=== PROBLEM STATEMENT ===
Although the data below contains pictures, please reproduce only its words, exactly.

=== INFORMATION SUPPLIED ===
___

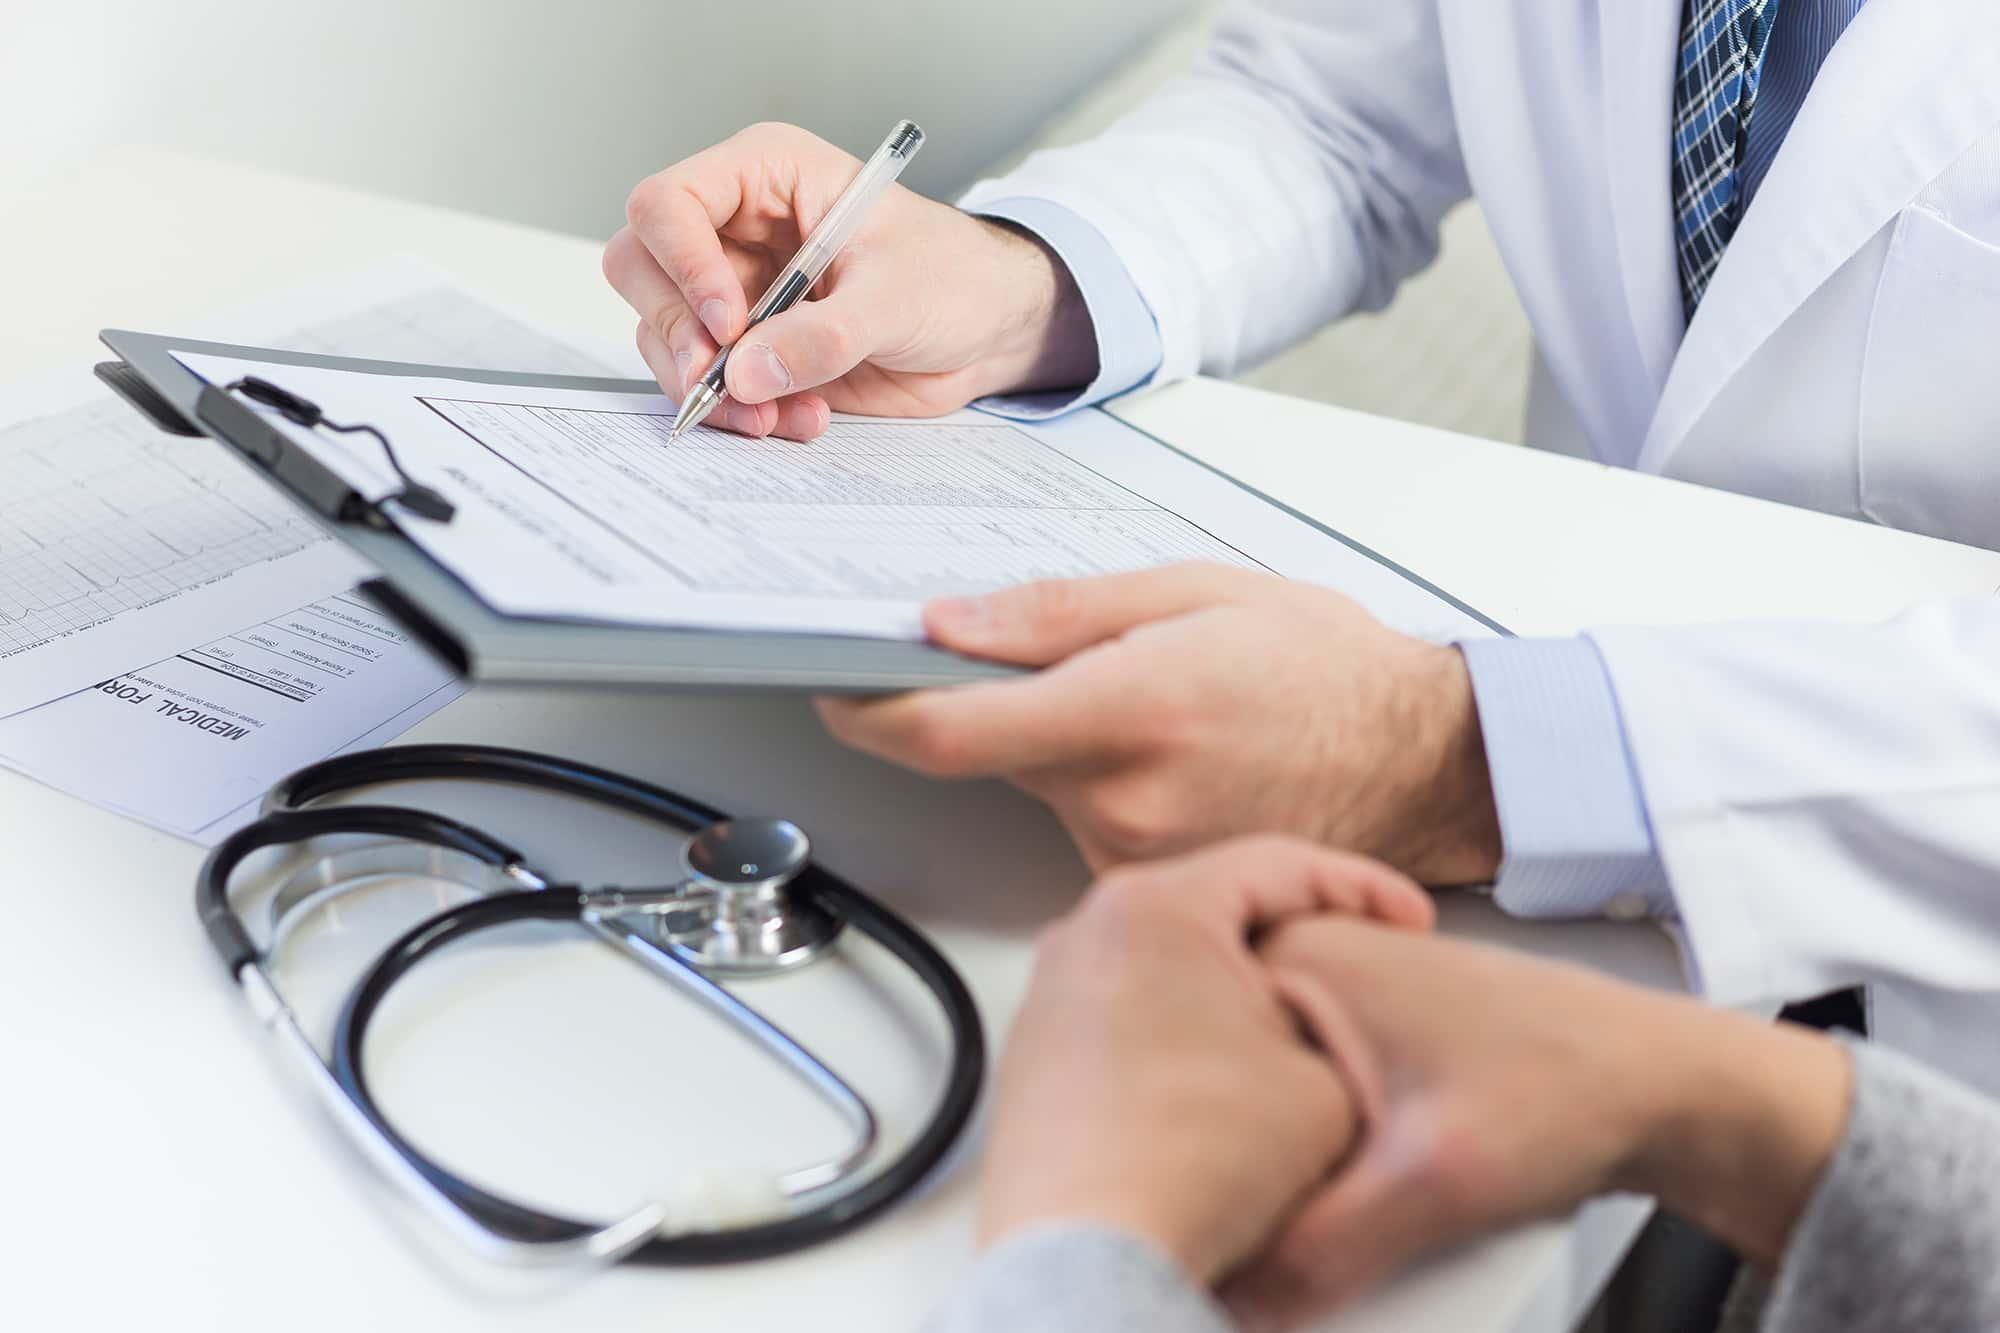 Ritiro di referti medici ed analisi
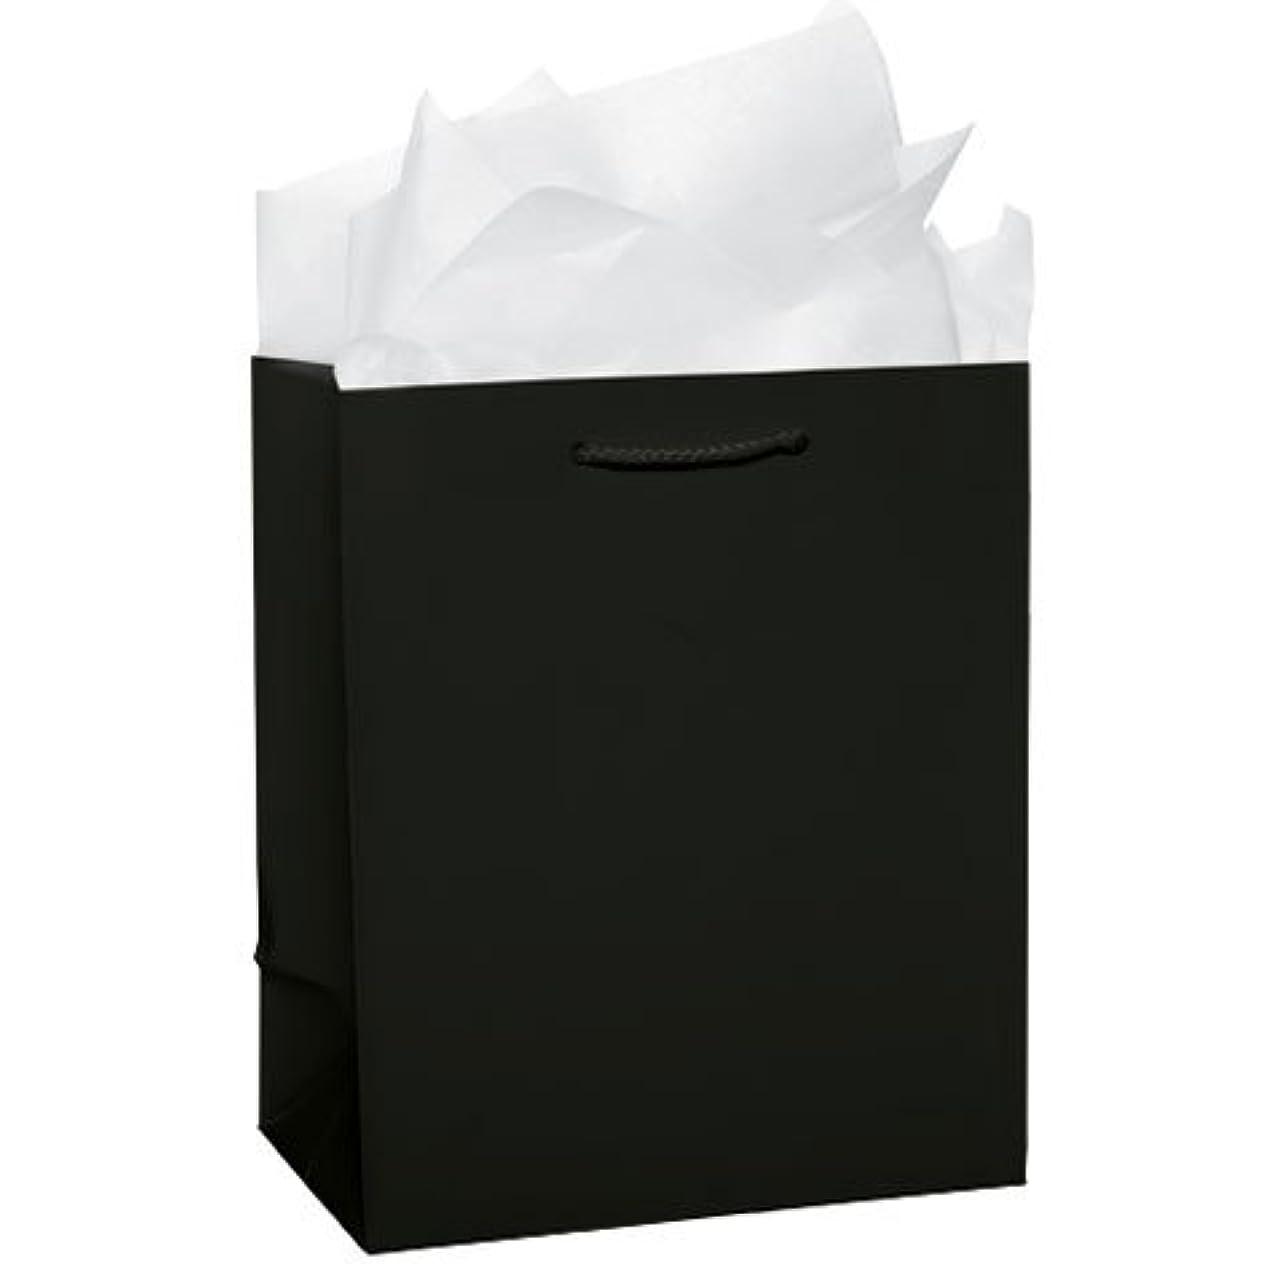 Black Solid Glossy Bag Medium Value Pack | 12 Ct
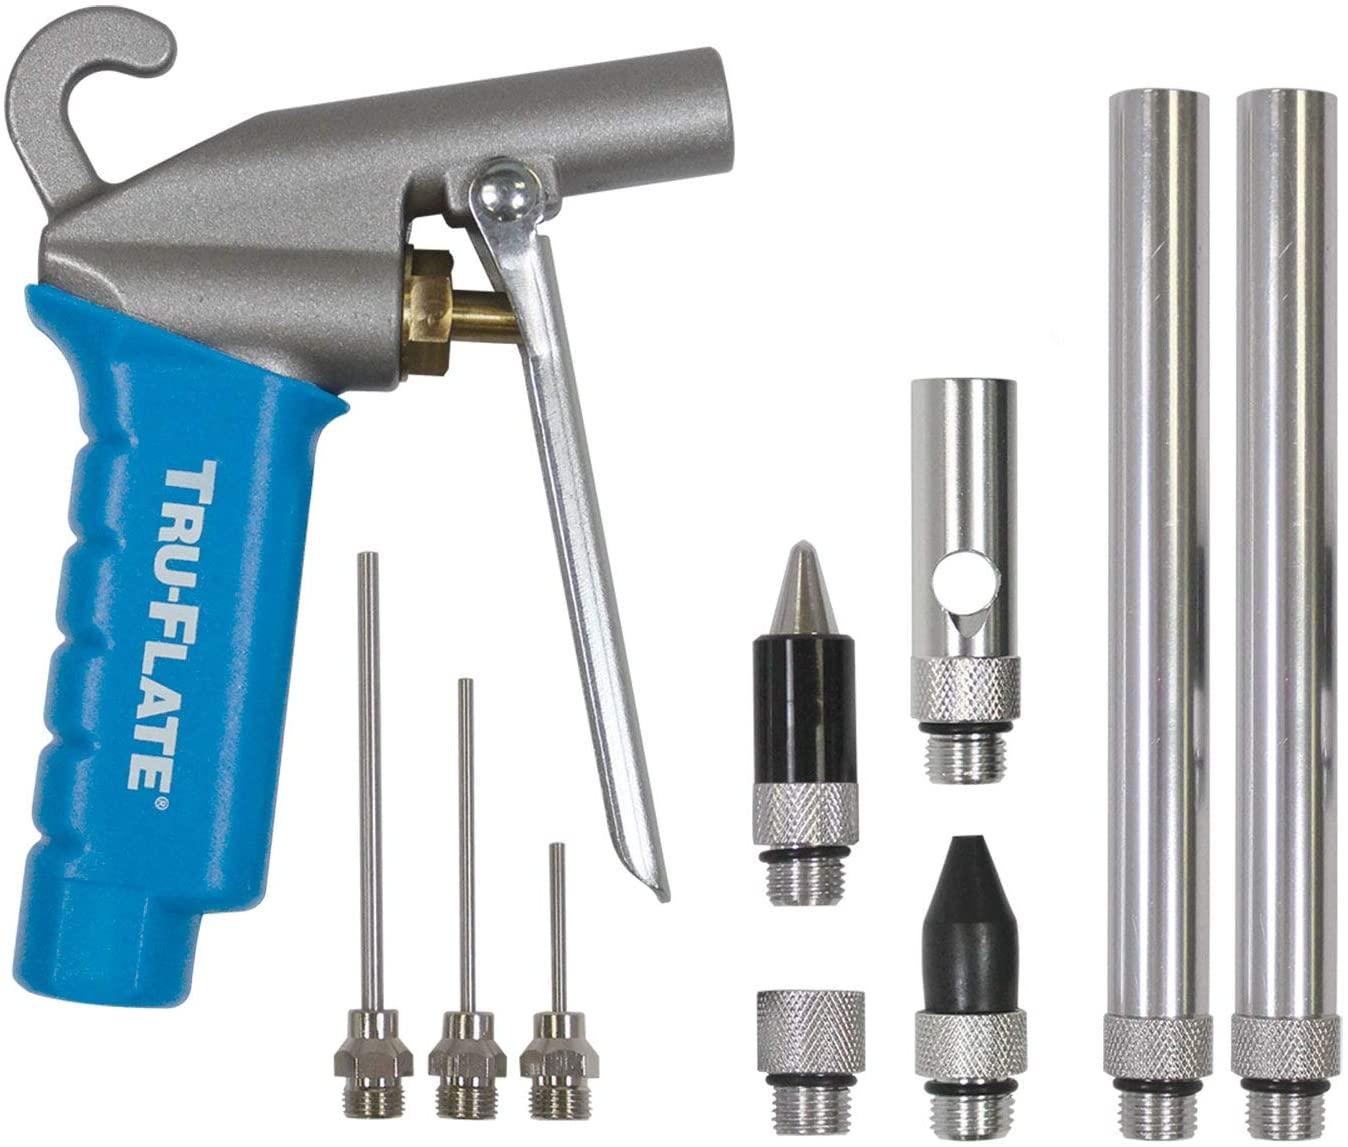 Plews & Edelmann Tru-Flate 18-613 F1 Series 40 CFM HI FLO Blowgun Kit, 10 Piece,

___

=== OUTPUT ===
 Ritiro di referti medici ed analisi
 Black Solid Glossy Bag Medium Value Pack | 12 Ct
 Plews & Edelmann Tru-Flate 18-613 F1 Series 40 CFM HI FLO Blowgun Kit, 10 Piece,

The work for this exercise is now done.